Transient changes to the visualisation of turbulent wedges on the nacelle

The sharp change in boundary layer state and Mach number at a shock means that transient effects do not tend to result in an equalising of surface temperature between the two regimes as shown in Fig. 18. Problems, however, can arise in the transitional boundary layer found on the painted test piece. The mix of laminar and turbulent flow at the same Mach number means differences in heat transfer coefficient and recovery factor can hide the turbulent wedges that form. This is shown in Fig. 22 where three IR visualisations are shown from different points in a run. The high-speed flow around the lip tends to cool the surface as the inlet stagnation temperature is close to ambient. After 1 s the high heat transfer coefficient in the turbulent wedges has cooled the surface faster, making the wedges appear darker in IR compared to the lighter laminar region. As the run progresses the wedges approach their equilibrium temperature while the laminar region continues to cool. After 5 s the turbulent wedges up-stream of the shock appear to fade away as the temperatures equalise. The effect of the wedges on the SBLI can still be seen from the high-temperature streaks at the shock, however it would not be obvious what is causing these streaks from this visualisation alone. Towards the end of the run, which lasts for 20 s, the surface temperatures approach equilibrium and the turbulent wedges are at their higher recovery temperature compared to the cooler laminar boundary layer around them.

5 Conclusions

Infrared thermography is a fast, simple and non-intrusive method for visualising boundary layer behaviour in experiments. Methods for improving the signal-to-noise ratio of IR visualisations in low and high-speed flows have been investigated in this paper. A 1D heat transfer model has demonstrated that when an active heat flux is imposed on a low-speed flow there is an optimum Biot number, corresponding to an optimum level of insulation for a given flow, that maximises the SNR between regions with different heat transfer coefficients such as laminar-turbulent transition. The 1D model also demonstrates that in a high-speed flow, where recovery temperature differences allow for visualisation with only passive effects, there is an interplay between heat transfer and recovery temperature which results in SNR dropping to zero at some Biot number.

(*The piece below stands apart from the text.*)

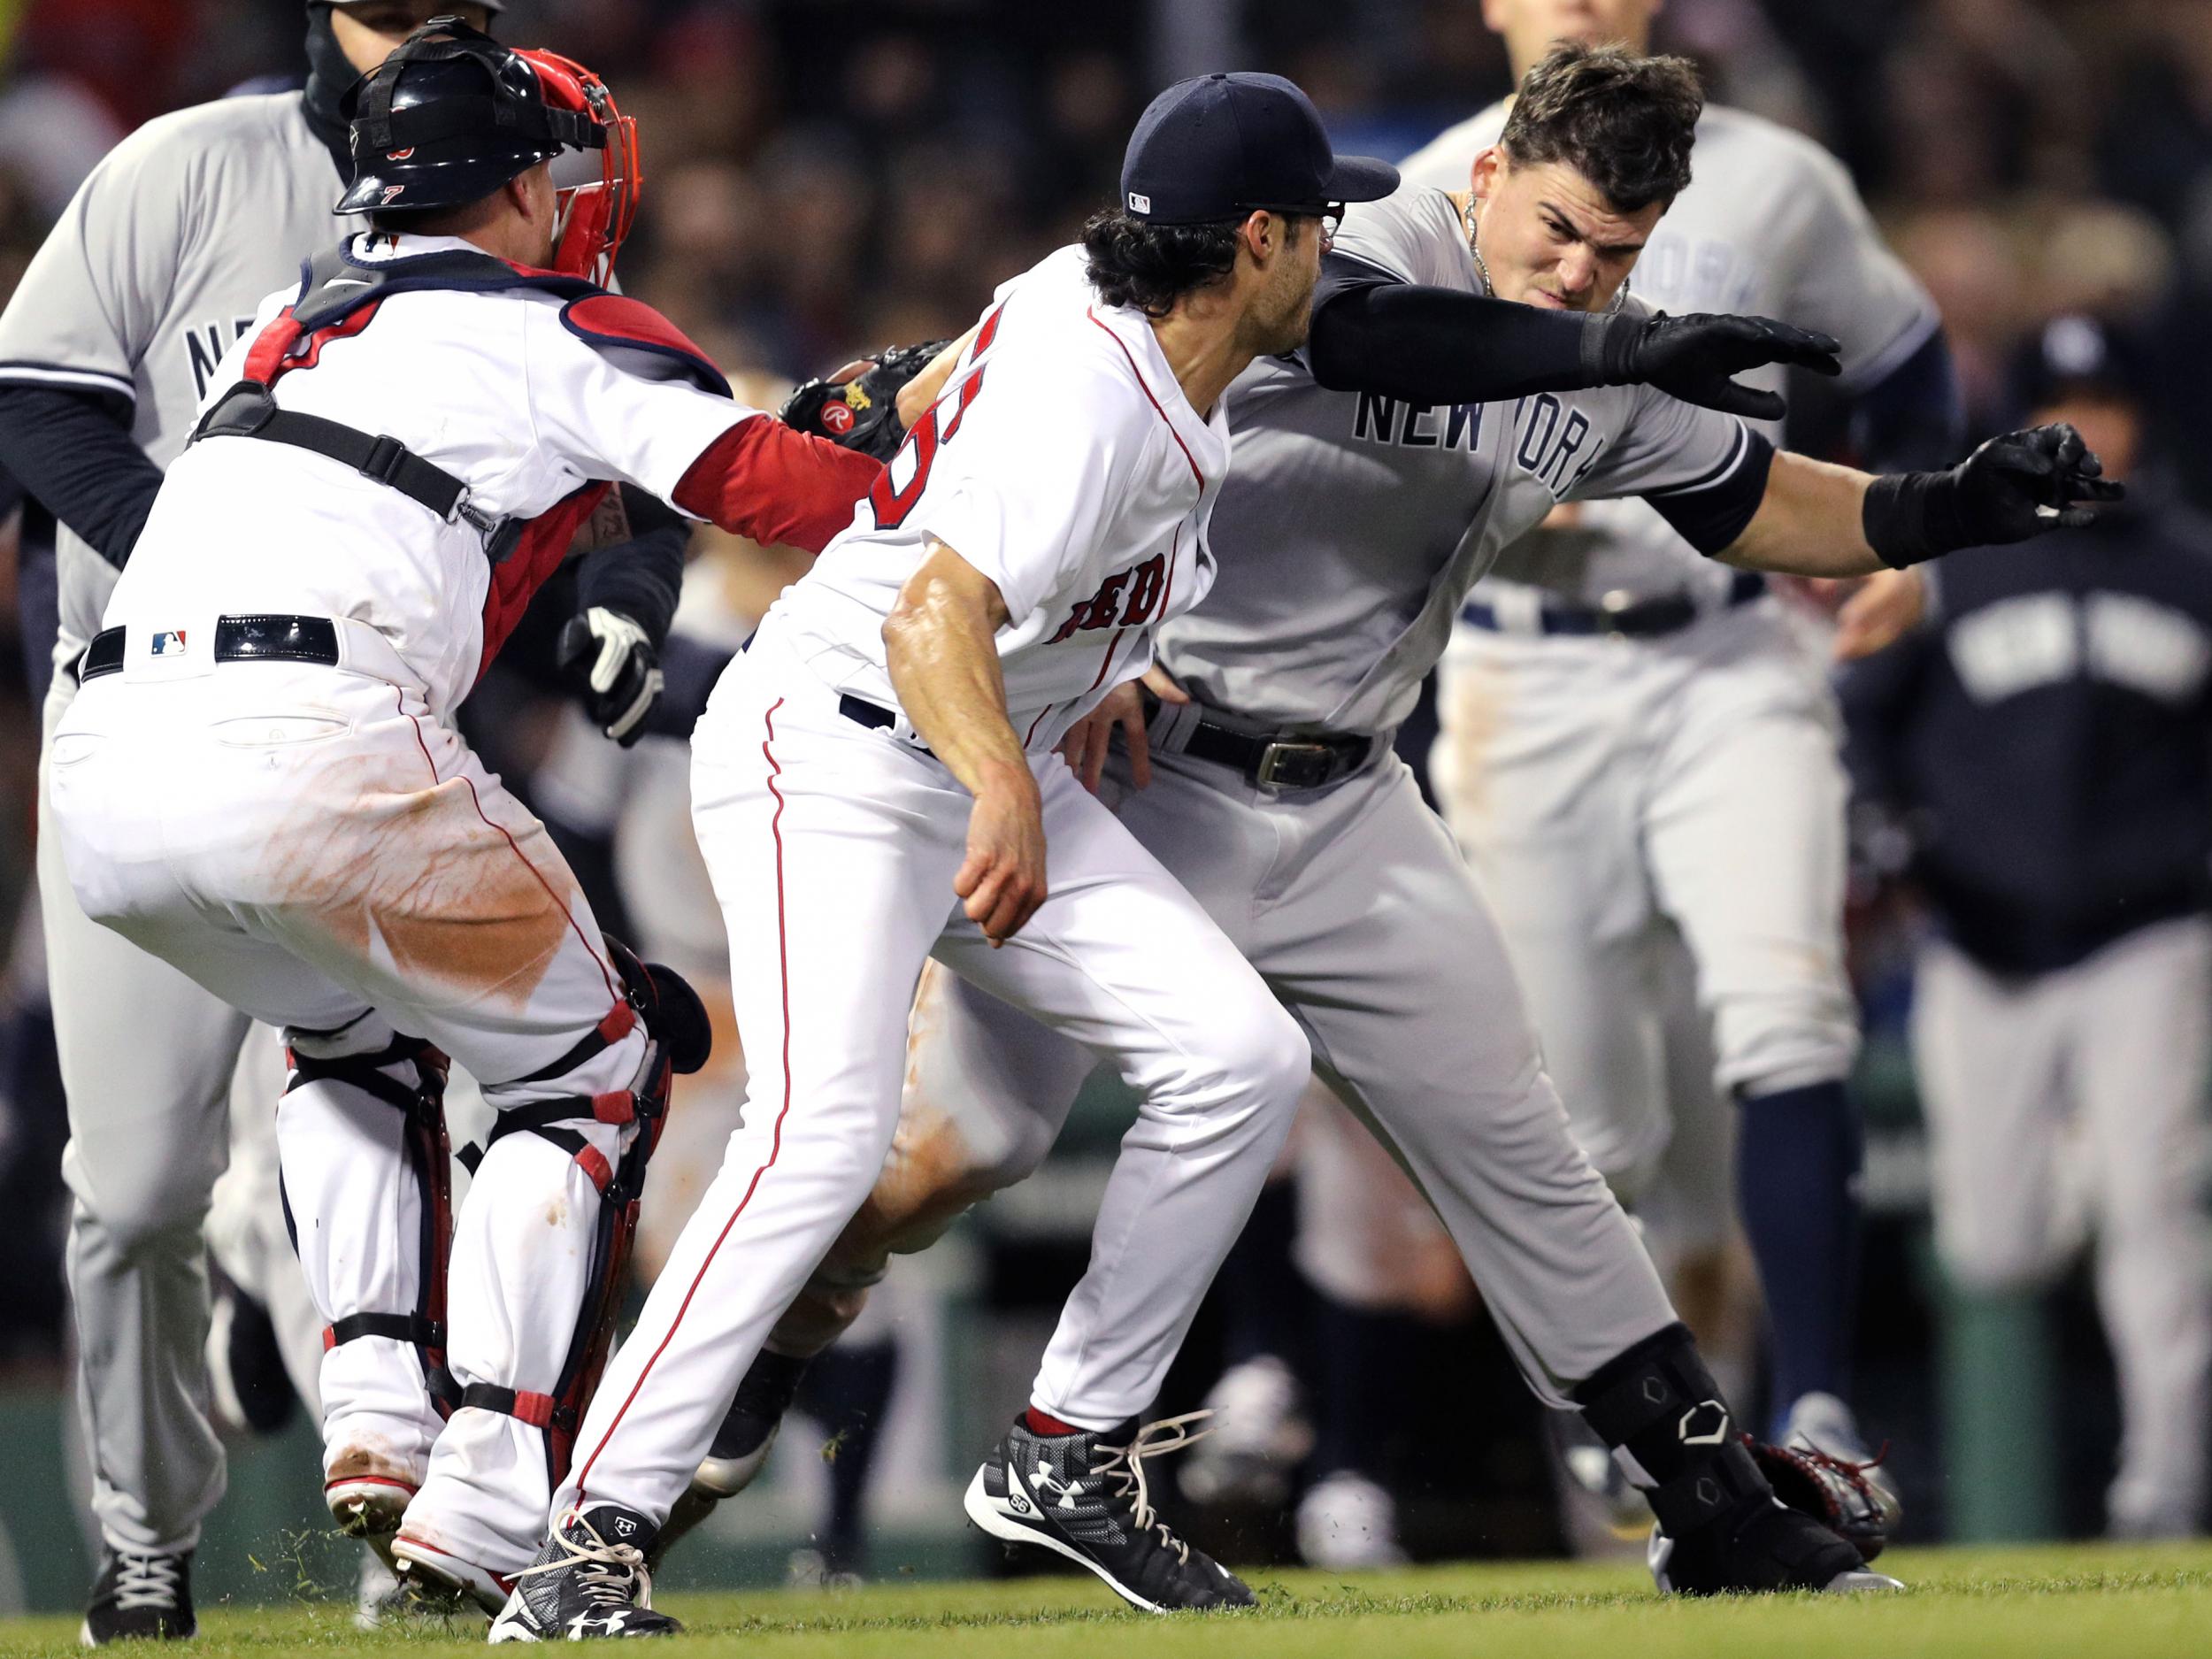 New York Yankees and Boston Red Sox brawl after batter hit by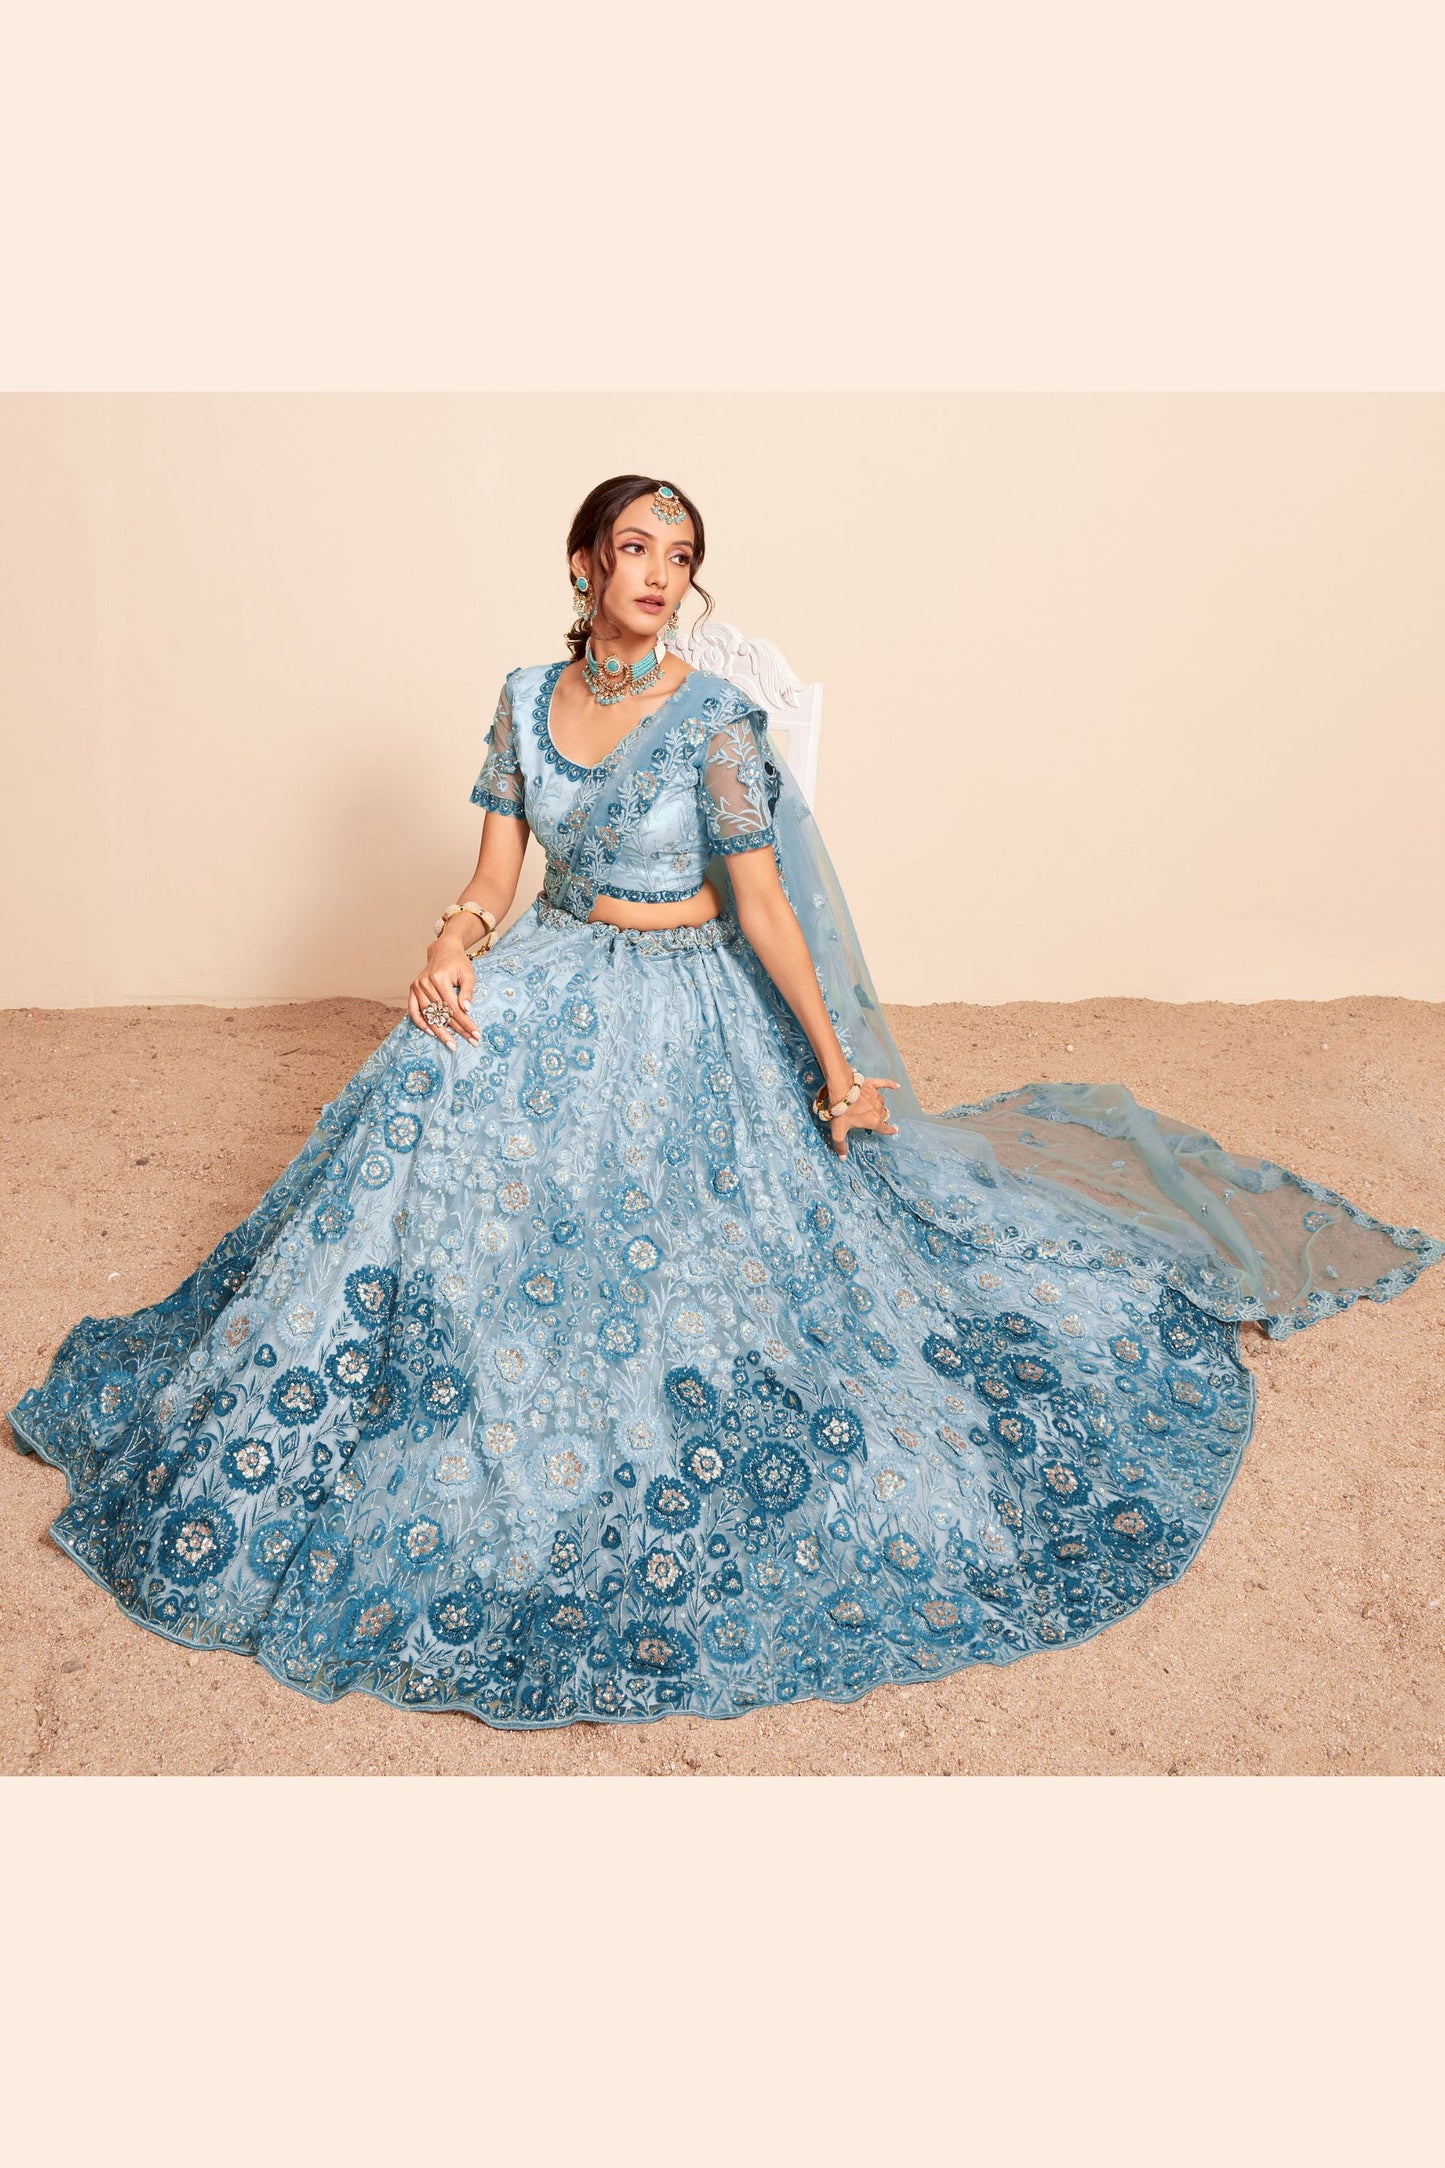 Turquoise Net Embroidered Floral Lehenga Choli For Indian Festivals & Weddings - Thread & Sequence Embroidery Work, Zari Work, Zarkan Work, Hand Embellishment Work

Avoiding this region is critical to ensure high-quality visualisations.

Experimental work has validated the 1D modelling in both flow regimes. In low-speed flows the optimum Biot number that maximises SNR is shown to exist. SNR drops off sharply at low Biot numbers but remains high for Biot numbers greater than the optimal value. The heat flux needed for visualisation is shown to be non-intrusive with no change in transition location over a range of Reynolds numbers. In high-speed flows the interplay between heat transfer and recovery temperature is seen, with low Biot numbers resulting in laminar regions of the flow taking a higher surface temperature despite their lower recovery temperature. This interplay is also demonstrated in transient measurements where the SNR varies through a run. The thermal design of experiments in both regimes must be considered in order to maximise visualisation quality.

Two case studies are presented that demonstrate the utility of well-conditioned IR measurements in testing scenarios where uncertainty in boundary layer state hinders progress. An LSB on a low-speed distributed propulsor aerofoil and an SBLI on a transonic nacelle are visualised. In both cases IR is shown to be advantageous compared to other visualisation methods as it is non-intrusive and capable of giving a full-field visualisation in a short space of time.